4. **Vaccine candidates**: Experimental vaccines are under development and might be considered in outbreak situations under investigational protocols.

It is important to consult medical professionals and relevant health authorities for the latest treatment guidelines and to get approval for compassionate use or experimental treatments.
Lifestyle Recommendations
For the bubonic plague, lifestyle recommendations include:

1. **Avoid Contact with Infected Animals**: Limit exposure to rodents and fleas, which are common carriers of the plague bacteria (Yersinia pestis).

2. **Maintain Cleanliness**: Ensure good sanitation and hygiene to reduce rodent populations in and around living areas.
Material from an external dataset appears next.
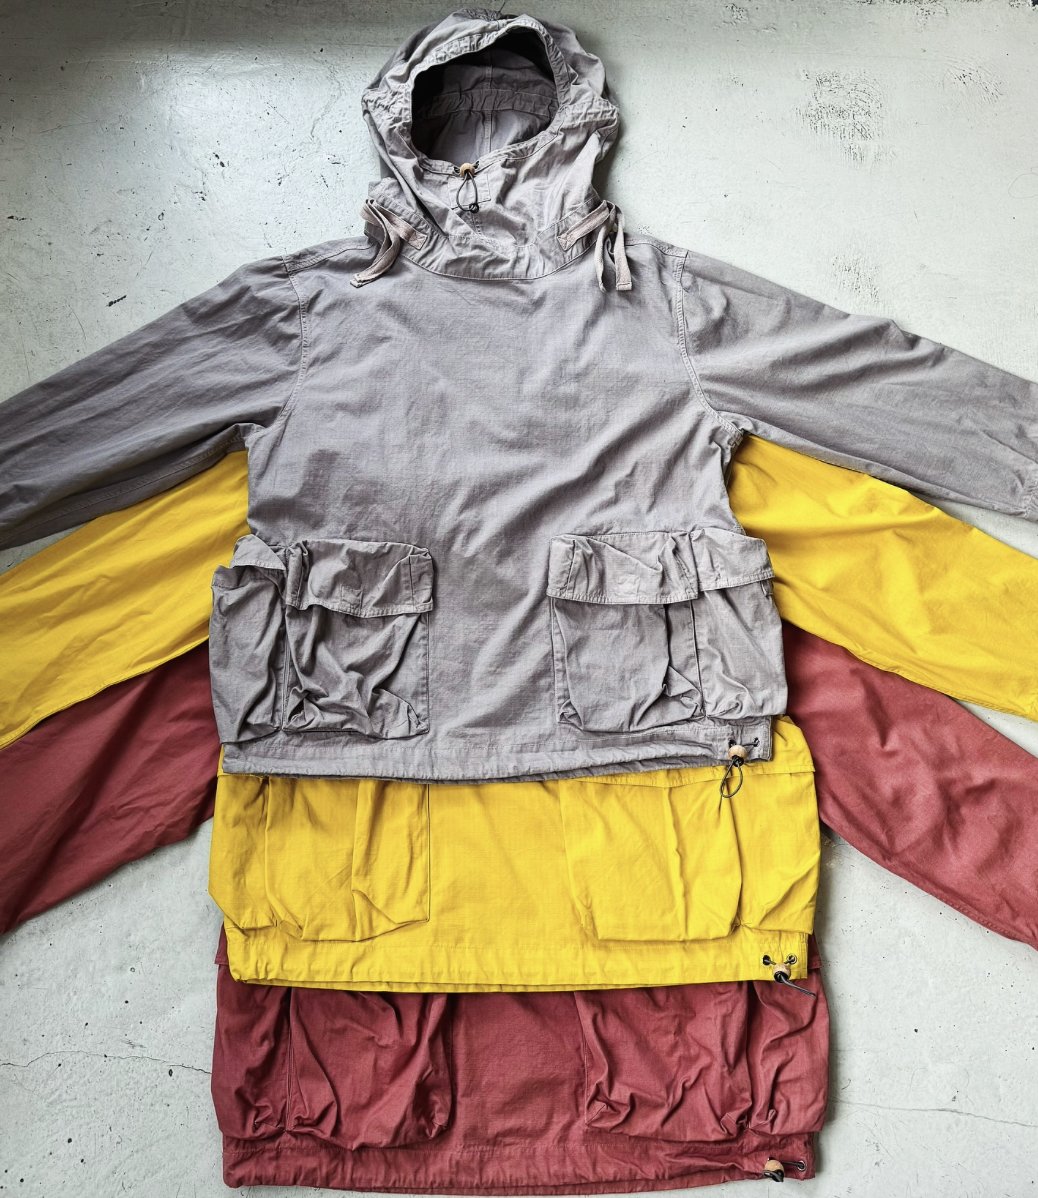 Hawker smock in cotton ripstop, garment dyed smoke grey, yellow & dusty pink. Contact: info@hawkwoodmercantile.com #hawkwoodmercantile #hawkwood #menswear #outerwear #smock #smocks #jackets #jacket #coats #coat #garmentdyed #ripstop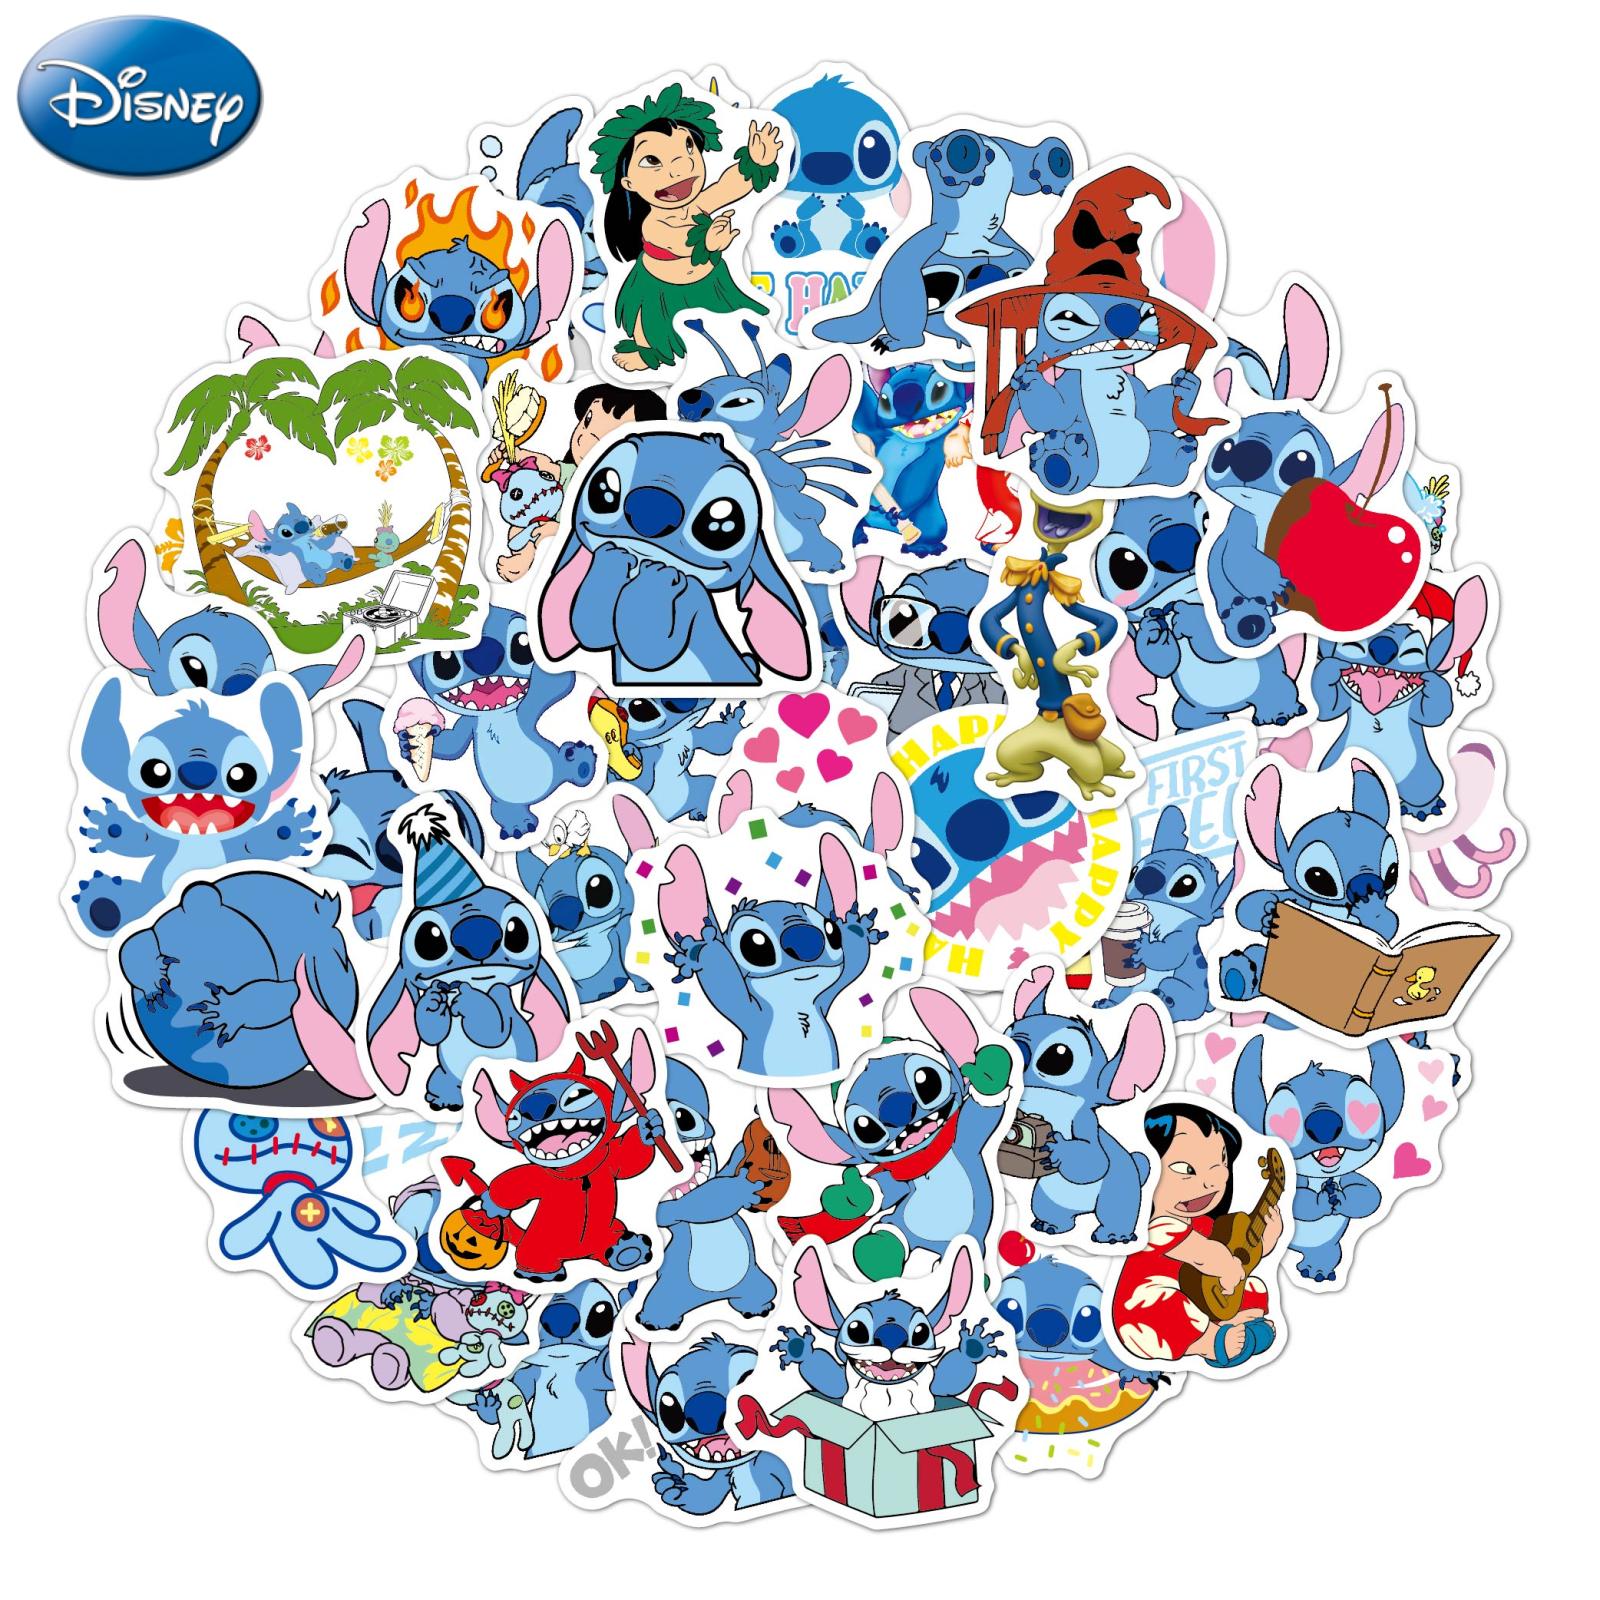 50 Pcs Alice in Wonderland Disney Movies Stickers for Kid Decal

3. **Use Preventive Measures**: Apply insect repellents when in areas known to have fleas, and consider using flea control products on pets.

4. **Wear Protective Clothing**: When in high-risk areas, wear long sleeves and pants to minimize skin exposure.

5. **Seek Prompt Medical Attention**: Early treatment is crucial. If you suspect you've been exposed or experience symptoms such as swollen lymph nodes, fever, or chills, consult a healthcare provider immediately.

6. **Stay Informed**: Be aware of current outbreaks and avoid traveling to affected regions if possible.
Medication
The primary medication for treating bubonic plague is antibiotics. The most commonly used antibiotics include streptomycin, gentamicin, doxycycline, and ciprofloxacin. Prompt treatment with these antibiotics is crucial to effectively manage and reduce the severity of the infection.
Repurposable Drugs
There are some drugs that have been explored for repurposing to treat bubonic plague, a disease caused by the bacterium Yersinia pestis. Although the primary treatment remains antibiotics such as streptomycin, gentamicin, doxycycline, and ciprofloxacin, other drugs have been considered for repurposing:

1. **Chloramphenicol:** Initially used for bacterial infections, it has shown effectiveness in treating plague, particularly when the person is allergic to first-line antibiotics.
2. **Levofloxacin:** This is a fluoroquinolone antibiotic that has shown potential in treating plague infections.

These repurposable drugs may offer alternative treatment options, especially in case of resistance or allergy to standard antibiotics.
Metabolites
For bubonic plague, which is caused by the bacterium *Yersinia pestis*, there are no specific unique metabolites associated with the disease. The primary diagnosis typically relies on bacterial culture, polymerase chain reaction (PCR), and serological tests rather than metabolite analysis.
Nutraceuticals
There are no established nutraceuticals for the treatment or prevention of bubonic plague. Prompt medical treatment with antibiotics remains the primary course of action for managing this serious infection.
Peptides
The term "peptides" in relation to bubonic plague can refer to specific sequences of amino acids that may be part of the pathogen Yersinia pestis' structure or its virulence factors. Peptides might also be used in developing diagnostic tests or treatments, such as peptide-based vaccines or antimicrobial peptides. However, "nan" does not provide sufficient context or information for further elaboration. If you need details on a specific aspect, please let me know.